8A (x-a) + 4B (A-X) - 6C (x-a) = 2 (x-a) (4a-2b-3c)

It is known that x ^ 3 + mx-4 can be factorized in the range of integers

X ^ 3 + mx-4 can be factorized in the range of integers. It shows that the equation x ^ 3 + mx-4 = 0 has an integer root, and its integer root must be a factor of 4, so its roots can only be - 4, - 2, - 1, 1, 2, 4
If the root is - 4, substituting it into the equation, we can get m = - 17, then x ^ 3-17x-4 = (x + 4) (x ^ 2-4x-1);
If the root is - 2, substituting it into the equation, we can get m = - 6, then x ^ 3-6x-4 = (x + 2) (x ^ 2-2x-2);
If the root is - 1, substituting it into the equation, we can get m = - 5, then x ^ 3-5x-4 = (x + 1) (x ^ 2-x-4);
If the root is 1, M = 3 can be obtained by substituting it into the equation, then x ^ 3 + 3x-4 = (x-1) (x ^ 2 + X + 4);
If the root is 2, substituting it into the equation, we can get m = - 2, then x ^ 3-2x-4 = (X-2) (x ^ 2 + 2x + 2);
If the root is 4, substituting it into the equation, we can get m = - 15, then x ^ 3-15x-4 = (x-4) (x ^ 2 + 4x + 1)
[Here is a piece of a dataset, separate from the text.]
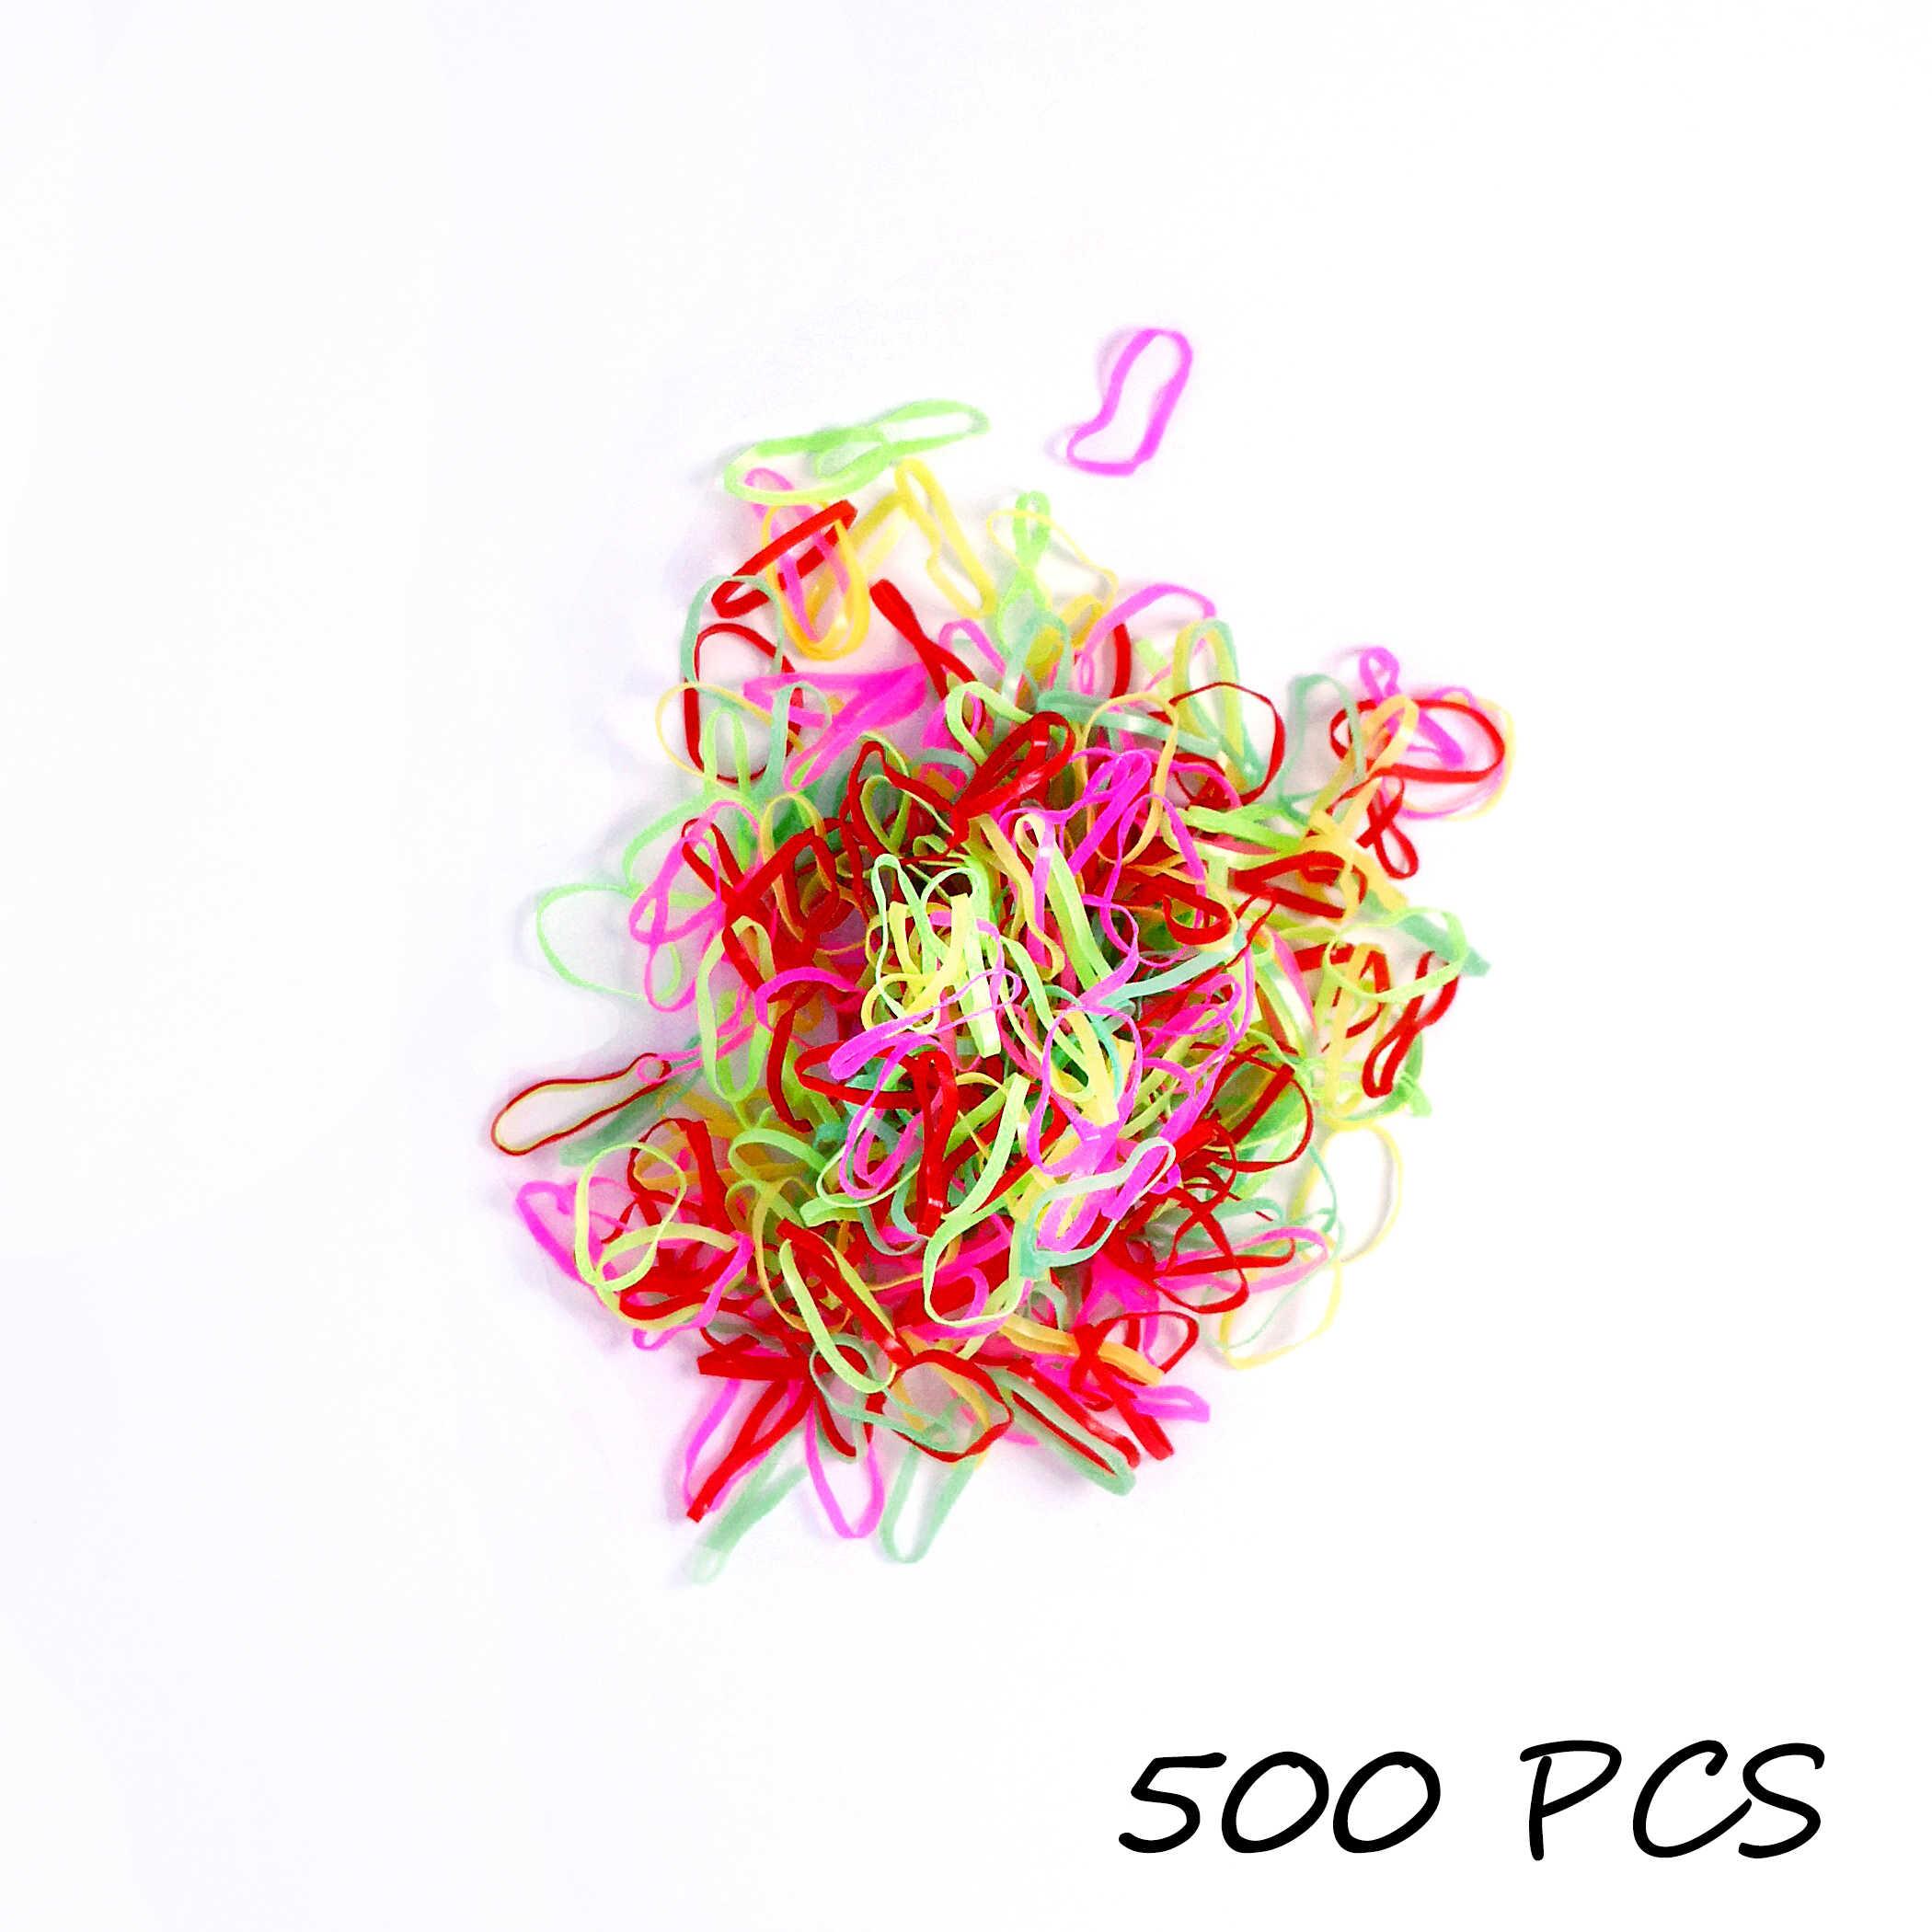 500 قطعة/الحقيبة الفتيات الملونة الأربطة المطاطية الأطفال مرونة الشعر العصابات ذيل حصان حامل المرأة لطيف الشعر الدائري الحلو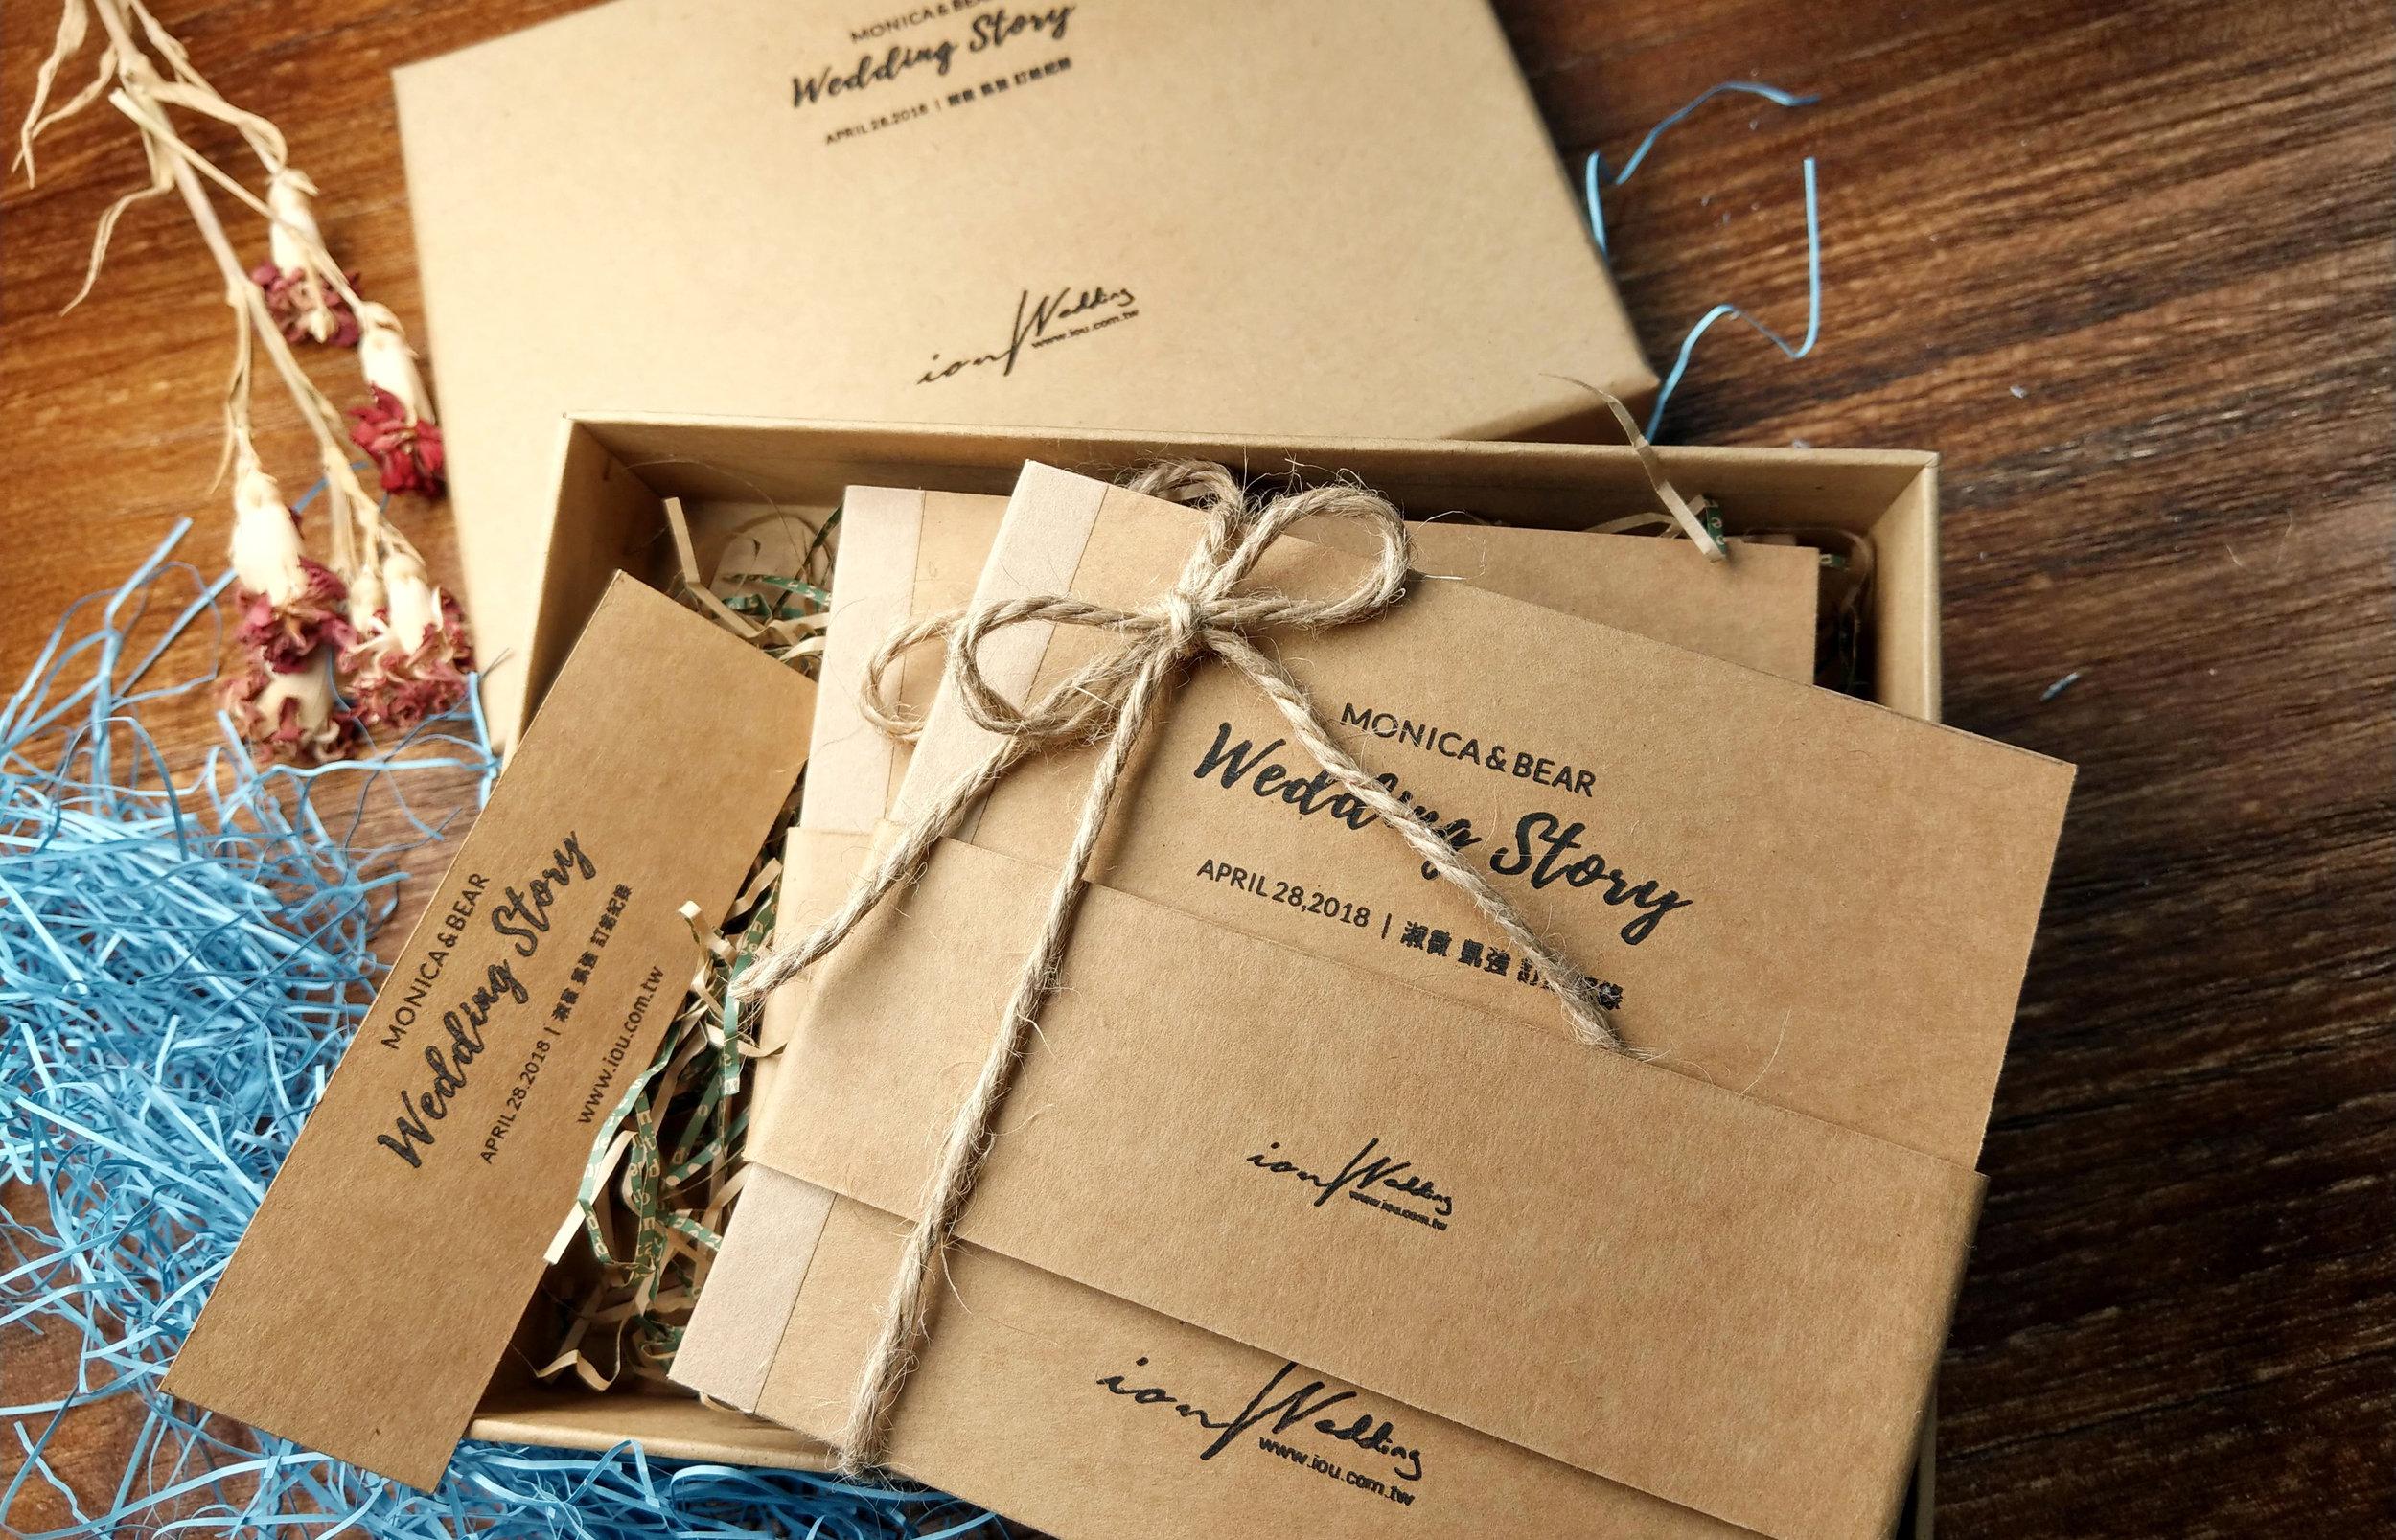 成品概觀 - 透過這裡了解到您的婚禮紀錄成品內容

x. Y is a natural number, and X (x-u) - Y (Y-X) + 12, find the value of x.y
fast
one
And X (X-Y) - Y (Y-X) = 12

x(x-y)-y(y-x)=12
x(x-y)+y(x-y)=12
(x-y)(x+y)=12
x^-y^=12
x=4;y=2

Given the set a = {a, a + D, a + 2D}, B = {a, AQ, aq2}, where a, D, Q ∈ R, if a = B, find the value of Q

From the mutual anisotropy of elements, we can see that: D ≠ 0, Q ≠± 1, a ≠ 0, and a = b.. A + D = AQA + 2D = aq2 1 or a + D = aq2a + 2D = AQ 2. From the solution of equation group 1, we can get q = 1, which should be rounded off; from the solution of equation group 2, we can get q = 1 (which should be rounded off) or - 12

One times one equals one

Invariable

A parallelogram has a base of 1.5cm and a height of 4 / 5 of the base. What is the area of the parallelogram in square centimeter?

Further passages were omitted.